* [TASK OBJECTIVE] Each entry, from beginning to end, is to be transcribed verbatim.

┌──

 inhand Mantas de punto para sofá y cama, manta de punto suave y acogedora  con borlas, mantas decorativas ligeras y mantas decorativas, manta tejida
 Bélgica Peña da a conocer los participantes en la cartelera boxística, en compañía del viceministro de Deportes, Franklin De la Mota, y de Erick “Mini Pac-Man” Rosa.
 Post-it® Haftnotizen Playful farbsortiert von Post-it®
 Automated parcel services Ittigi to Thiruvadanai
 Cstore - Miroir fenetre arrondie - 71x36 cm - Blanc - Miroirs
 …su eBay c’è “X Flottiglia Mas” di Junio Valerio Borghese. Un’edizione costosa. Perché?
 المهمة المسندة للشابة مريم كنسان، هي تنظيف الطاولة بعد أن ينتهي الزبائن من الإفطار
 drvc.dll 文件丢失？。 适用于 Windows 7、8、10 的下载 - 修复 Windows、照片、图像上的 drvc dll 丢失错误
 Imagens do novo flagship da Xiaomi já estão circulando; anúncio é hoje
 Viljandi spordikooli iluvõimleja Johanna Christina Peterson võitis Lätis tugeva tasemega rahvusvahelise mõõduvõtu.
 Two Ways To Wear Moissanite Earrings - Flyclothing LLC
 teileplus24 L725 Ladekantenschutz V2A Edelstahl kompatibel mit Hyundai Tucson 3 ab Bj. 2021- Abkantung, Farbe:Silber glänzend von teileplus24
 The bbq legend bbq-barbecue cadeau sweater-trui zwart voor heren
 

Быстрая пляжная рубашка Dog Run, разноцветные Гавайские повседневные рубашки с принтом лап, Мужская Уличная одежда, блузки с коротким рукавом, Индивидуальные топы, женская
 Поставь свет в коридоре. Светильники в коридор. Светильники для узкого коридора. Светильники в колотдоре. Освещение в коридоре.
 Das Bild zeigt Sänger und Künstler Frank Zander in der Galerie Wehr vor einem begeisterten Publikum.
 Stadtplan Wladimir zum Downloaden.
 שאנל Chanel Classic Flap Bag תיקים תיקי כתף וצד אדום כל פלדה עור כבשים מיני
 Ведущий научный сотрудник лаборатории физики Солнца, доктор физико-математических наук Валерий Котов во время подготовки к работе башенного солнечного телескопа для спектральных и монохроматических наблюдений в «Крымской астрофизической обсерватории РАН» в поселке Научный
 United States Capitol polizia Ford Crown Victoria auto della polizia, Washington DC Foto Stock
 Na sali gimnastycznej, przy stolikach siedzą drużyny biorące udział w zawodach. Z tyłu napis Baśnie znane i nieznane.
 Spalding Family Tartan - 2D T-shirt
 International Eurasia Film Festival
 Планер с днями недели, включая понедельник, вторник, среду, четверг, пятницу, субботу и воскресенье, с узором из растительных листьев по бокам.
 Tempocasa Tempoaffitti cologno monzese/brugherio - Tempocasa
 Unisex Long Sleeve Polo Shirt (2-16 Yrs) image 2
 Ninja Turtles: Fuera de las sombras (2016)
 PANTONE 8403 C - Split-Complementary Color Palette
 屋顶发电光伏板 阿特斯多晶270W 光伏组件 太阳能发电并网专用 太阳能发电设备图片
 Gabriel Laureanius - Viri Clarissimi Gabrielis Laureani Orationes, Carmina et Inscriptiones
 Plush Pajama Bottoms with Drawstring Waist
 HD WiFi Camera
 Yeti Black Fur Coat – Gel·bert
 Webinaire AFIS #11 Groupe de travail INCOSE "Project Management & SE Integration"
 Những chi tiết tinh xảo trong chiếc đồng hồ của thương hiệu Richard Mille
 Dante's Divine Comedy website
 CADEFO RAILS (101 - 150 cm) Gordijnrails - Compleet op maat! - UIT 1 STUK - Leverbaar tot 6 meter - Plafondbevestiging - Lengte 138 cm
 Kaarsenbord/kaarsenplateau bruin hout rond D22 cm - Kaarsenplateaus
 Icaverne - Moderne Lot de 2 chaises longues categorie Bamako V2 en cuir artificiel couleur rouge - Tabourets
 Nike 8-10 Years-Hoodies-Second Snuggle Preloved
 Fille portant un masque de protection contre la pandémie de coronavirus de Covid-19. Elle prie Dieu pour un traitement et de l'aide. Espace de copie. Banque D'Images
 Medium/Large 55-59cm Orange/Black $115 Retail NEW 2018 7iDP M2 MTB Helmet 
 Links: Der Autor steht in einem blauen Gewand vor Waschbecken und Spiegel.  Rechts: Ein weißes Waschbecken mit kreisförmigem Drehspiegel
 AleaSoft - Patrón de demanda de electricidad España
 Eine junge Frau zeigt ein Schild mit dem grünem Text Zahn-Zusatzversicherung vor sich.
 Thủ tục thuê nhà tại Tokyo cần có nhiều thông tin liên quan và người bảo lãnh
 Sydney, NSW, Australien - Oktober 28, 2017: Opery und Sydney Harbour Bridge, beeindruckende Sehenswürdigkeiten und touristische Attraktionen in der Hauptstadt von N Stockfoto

└──

* [EXERCISE ANSWER]
 inhand Mantas de punto para sofá y cama, manta de punto suave y acogedora  con borlas, mantas decorativas ligeras y mantas decorativas, manta tejida
 Bélgica Peña da a conocer los participantes en la cartelera boxística, en compañía del viceministro de Deportes, Franklin De la Mota, y de Erick “Mini Pac-Man” Rosa.
 Post-it® Haftnotizen Playful farbsortiert von Post-it®
 Automated parcel services Ittigi to Thiruvadanai
 Cstore - Miroir fenetre arrondie - 71x36 cm - Blanc - Miroirs
 …su eBay c’è “X Flottiglia Mas” di Junio Valerio Borghese. Un’edizione costosa. Perché?
 المهمة المسندة للشابة مريم كنسان، هي تنظيف الطاولة بعد أن ينتهي الزبائن من الإفطار
 drvc.dll 文件丢失？。 适用于 Windows 7、8、10 的下载 - 修复 Windows、照片、图像上的 drvc dll 丢失错误
 Imagens do novo flagship da Xiaomi já estão circulando; anúncio é hoje
 Viljandi spordikooli iluvõimleja Johanna Christina Peterson võitis Lätis tugeva tasemega rahvusvahelise mõõduvõtu.
 Two Ways To Wear Moissanite Earrings - Flyclothing LLC
 teileplus24 L725 Ladekantenschutz V2A Edelstahl kompatibel mit Hyundai Tucson 3 ab Bj. 2021- Abkantung, Farbe:Silber glänzend von teileplus24
 The bbq legend bbq-barbecue cadeau sweater-trui zwart voor heren
 

Быстрая пляжная рубашка Dog Run, разноцветные Гавайские повседневные рубашки с принтом лап, Мужская Уличная одежда, блузки с коротким рукавом, Индивидуальные топы, женская
 Поставь свет в коридоре. Светильники в коридор. Светильники для узкого коридора. Светильники в колотдоре. Освещение в коридоре.
 Das Bild zeigt Sänger und Künstler Frank Zander in der Galerie Wehr vor einem begeisterten Publikum.
 Stadtplan Wladimir zum Downloaden.
 שאנל Chanel Classic Flap Bag תיקים תיקי כתף וצד אדום כל פלדה עור כבשים מיני
 Ведущий научный сотрудник лаборатории физики Солнца, доктор физико-математических наук Валерий Котов во время подготовки к работе башенного солнечного телескопа для спектральных и монохроматических наблюдений в «Крымской астрофизической обсерватории РАН» в поселке Научный
 United States Capitol polizia Ford Crown Victoria auto della polizia, Washington DC Foto Stock
 Na sali gimnastycznej, przy stolikach siedzą drużyny biorące udział w zawodach. Z tyłu napis Baśnie znane i nieznane.
 Spalding Family Tartan - 2D T-shirt
 International Eurasia Film Festival
 Планер с днями недели, включая понедельник, вторник, среду, четверг, пятницу, субботу и воскресенье, с узором из растительных листьев по бокам.
 Tempocasa Tempoaffitti cologno monzese/brugherio - Tempocasa
 Unisex Long Sleeve Polo Shirt (2-16 Yrs) image 2
 Ninja Turtles: Fuera de las sombras (2016)
 PANTONE 8403 C - Split-Complementary Color Palette
 屋顶发电光伏板 阿特斯多晶270W 光伏组件 太阳能发电并网专用 太阳能发电设备图片
 Gabriel Laureanius - Viri Clarissimi Gabrielis Laureani Orationes, Carmina et Inscriptiones
 Plush Pajama Bottoms with Drawstring Waist
 HD WiFi Camera
 Yeti Black Fur Coat – Gel·bert
 Webinaire AFIS #11 Groupe de travail INCOSE "Project Management & SE Integration"
 Những chi tiết tinh xảo trong chiếc đồng hồ của thương hiệu Richard Mille
 Dante's Divine Comedy website
 CADEFO RAILS (101 - 150 cm) Gordijnrails - Compleet op maat! - UIT 1 STUK - Leverbaar tot 6 meter - Plafondbevestiging - Lengte 138 cm
 Kaarsenbord/kaarsenplateau bruin hout rond D22 cm - Kaarsenplateaus
 Icaverne - Moderne Lot de 2 chaises longues categorie Bamako V2 en cuir artificiel couleur rouge - Tabourets
 Nike 8-10 Years-Hoodies-Second Snuggle Preloved
 Fille portant un masque de protection contre la pandémie de coronavirus de Covid-19. Elle prie Dieu pour un traitement et de l'aide. Espace de copie. Banque D'Images
 Medium/Large 55-59cm Orange/Black $115 Retail NEW 2018 7iDP M2 MTB Helmet 
 Links: Der Autor steht in einem blauen Gewand vor Waschbecken und Spiegel.  Rechts: Ein weißes Waschbecken mit kreisförmigem Drehspiegel
 AleaSoft - Patrón de demanda de electricidad España
 Eine junge Frau zeigt ein Schild mit dem grünem Text Zahn-Zusatzversicherung vor sich.
 Thủ tục thuê nhà tại Tokyo cần có nhiều thông tin liên quan và người bảo lãnh
 Sydney, NSW, Australien - Oktober 28, 2017: Opery und Sydney Harbour Bridge, beeindruckende Sehenswürdigkeiten und touristische Attraktionen in der Hauptstadt von N Stockfoto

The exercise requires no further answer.